Un passage par Polytechnique, l’ENA ou HEC reste quasiment le sésame obligé pour accéder à la tête d’une entreprise du CAC 40
Total, BNP Paribas, Airbus, Engie, Renault, Valeo ou encore Solvay ont toutes un président ou un directeur général « X-Mines ». Au total, 45 % des dirigeants actuels du CAC 40 sont passés par l’une ou l’autre de ces formations ou un grand corps. Ils étaient 62 % dans ce cas en 2007, selon l’enquête qu’Alternatives Economiques avait alors menée. A de rares exceptions près, les autres dirigeants sont tous diplômés d’autres grandes écoles, qu’il s’agisse de Centrale, de l’Insead, de Sciences Po Paris ou de l’ESCP.
Il ne faut pas chercher plus loin l’origine de l’entre-soi qui continue de persister dans les états-majors du CAC, et dans une moindre mesure dans ses conseils d’administration. La prédominance des formations d’ingénieurs explique en particulier la difficulté à y faire de la place aux femmes. Autre conséquence collatérale, les dirigeants du CAC sont toujours aussi nombreux à avoir démarré leur carrière dans le giron de l’Etat : 35 % sont ainsi passés par la haute fonction publique ou un cabinet ministériel, soit une proportion similaire à celle que nous observions en 2007. Comme si trente ans après la première vague de privatisations, un passage dans les hautes sphères de l’appareil d’Etat était toujours aussi utile pour être parachuté à la tête d’une grande entreprise. « Il n’y a pas d’autres pays où l’Etat joue un tel rôle dans la formation des élites économiques », observe Catherine Comet, sociologue à l’université de Lille.

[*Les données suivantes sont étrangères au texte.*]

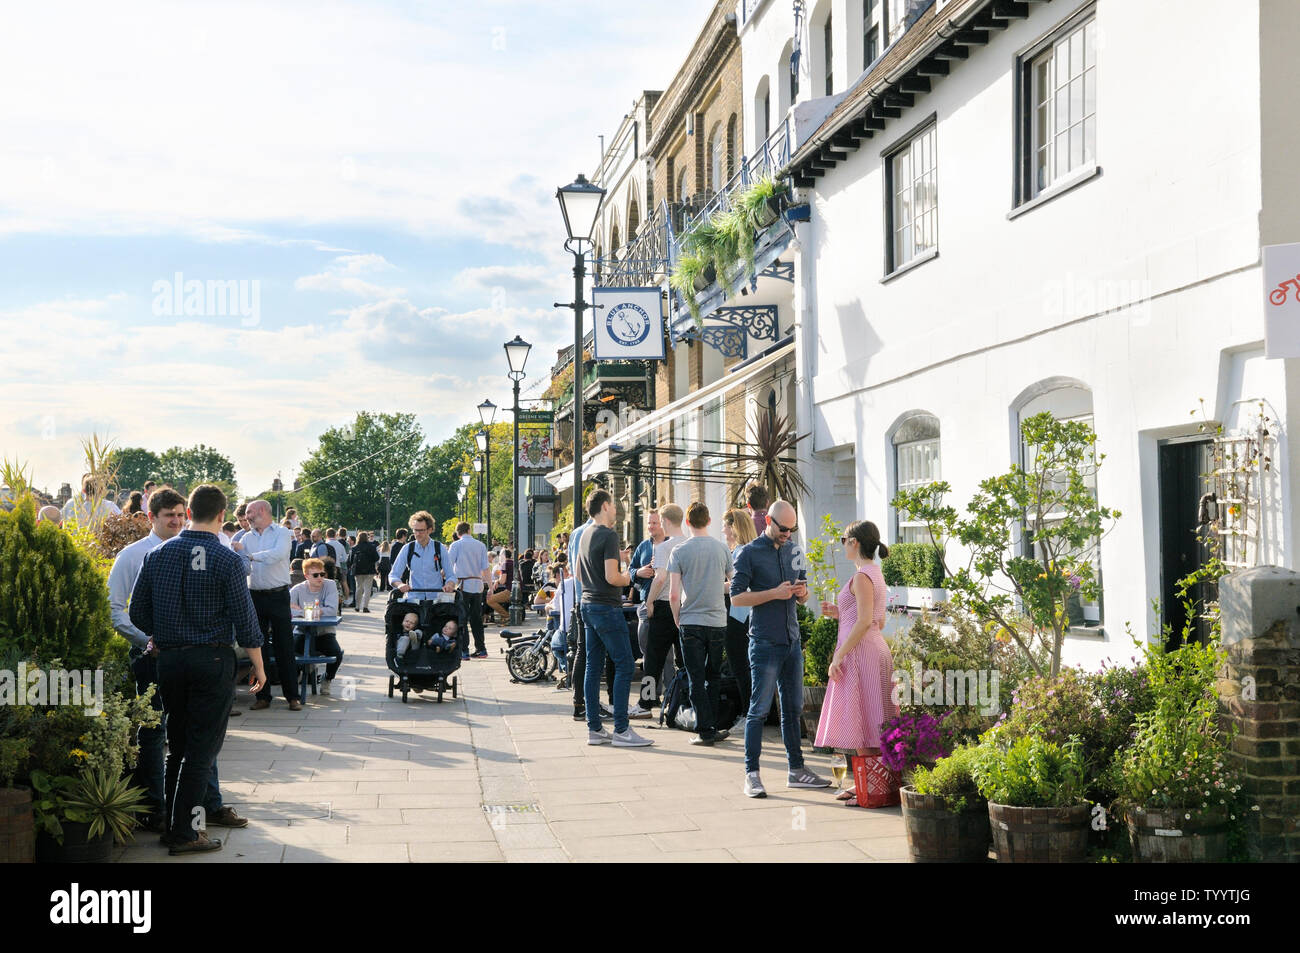 Les gens de prendre un verre au soleil en dehors de la Blue Anchor et le Rutland Arms riverside pubs sur Lower Mall, Hammersmith, London W6, England, UK Banque D'Images

35 % des drigeants du CAC sont ainsi passés par la haute fonction publique ou un cabinet ministériel, soit une proportion similaire à celle que nous observions en 2007
Reste à évaluer les effets de cette endogamie persistante à la tête des grandes entreprises françaises. La culture du réseau qu’elle produit dans les états-majors et les conseils d’administration facilite sans doute, pour les entreprises concernées, l’accès à des informations précieuses pour leur activité. Toutefois, ce mode de sélection des élites est aussi souvent rendu responsable du mauvais climat qui règne à l’intérieur des entreprises, notamment parce qu’en bloquant la promotion interne, il crée de la frustration auprès des cadres dépourvus du bon diplôme et écarte ainsi de fait de nombreux talents. Ce qui, in fine, peut entacher leur performance. En tout cas, comme le souligne Pierre François, sociologue et directeur de recherche au CNRS, une chose est sûre concernant ces élites : « Elles ont au minimum un intérêt commun, celui d’augmenter leur rémunération."